Jul 05, 2024 15:00:00

Meta releases open-source pre-trained code generation model for 'multi-token predictions'

Typically, most large-scale language models (LLMs) perform the task of 'predicting the next word,' and output one piece of data (token) at a time. In response to this, Meta proposed an approach called 'multi-token prediction' in its April 2024

paper , which outputs multiple tokens at once. On July 4, Meta released a pre-trained model using multi-token prediction as open source on the AI development platform Hugging Face.

In April we published a paper on a new training approach for better & faster LLMs using multi-token prediction. To enable further exploration by researchers, we've released pre-trained models for code completion using this approach on @HuggingFace ⬇️ https://t.co/OnUsGcDpYx
— AI at Meta (@AIatMeta) July 3, 2024

facebook/multi-token-prediction · Hugging Face
https://huggingface.co/facebook/multi-token-prediction

Meta drops AI bombshell: Multi-token prediction models now open for research | VentureBeat
https://venturebeat.com/ai/meta-drops-ai-bombshell-multi-token-prediction-models-now-open-for-research/

Meta open-sources new 'multi-token prediction' language models - SiliconANGLE
https://siliconangle.com/2024/07/04/meta-open-sources-new-multi-token-prediction-language-models/

Most large-scale language models output one token at a time, which is simple and scalable, but has the drawback of requiring huge amounts of data for training and being inefficient. In contrast, multi-token prediction proposed by Meta generates multiple tokens at once, which is said to improve the performance and training efficiency of large-scale language models.

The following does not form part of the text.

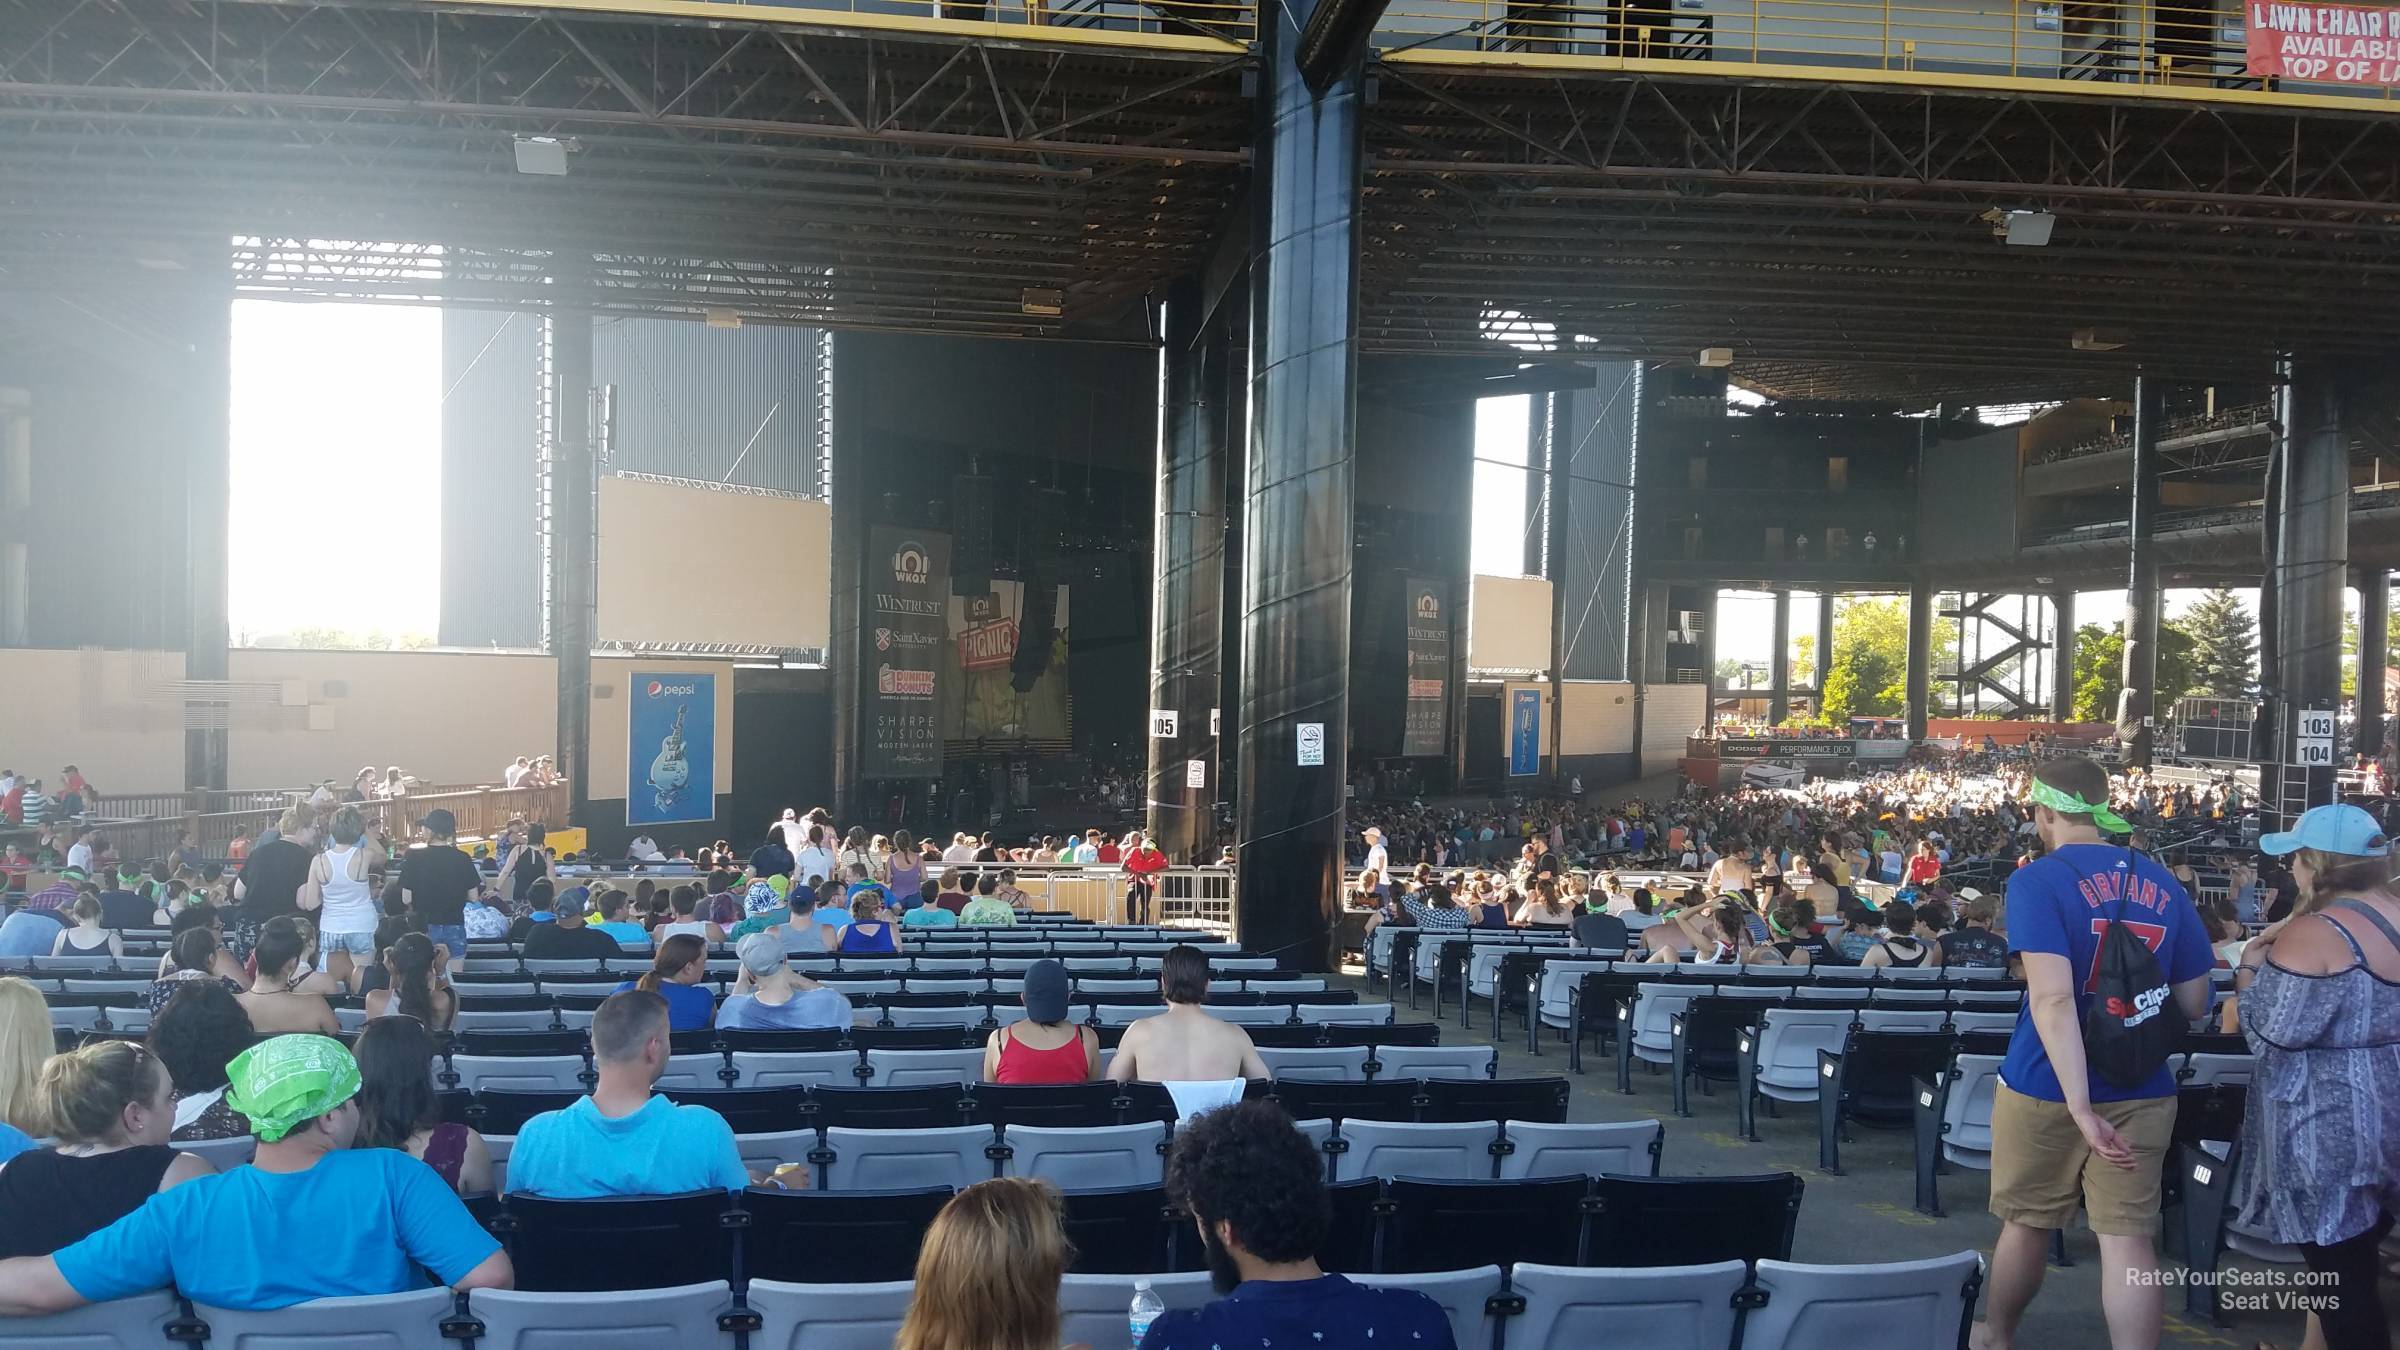 hollywood casino amphitheater seating chart section 206

Meta open-sourced four pre-trained large-scale language models implementing multi-token prediction to Hugging Face on July 4. The four models focus on code generation tasks and each has 7 billion parameters.

According to technology media SiliconANGLE, each model outputs four tokens at a time. It is unclear why multi-token prediction produces higher quality code than traditional approaches, but Meta believes that multiple token generation may alleviate the limitations of a technique called ' teacher-forcing ' used to train large-scale language models.

Meta tested the performance of the multi-token prediction model on the coding task benchmarks MBPP and HumanEval , and found that it performed 17% better on MBPP and 12% better on HumanEval than conventional large-scale language models, and output speed was three times faster.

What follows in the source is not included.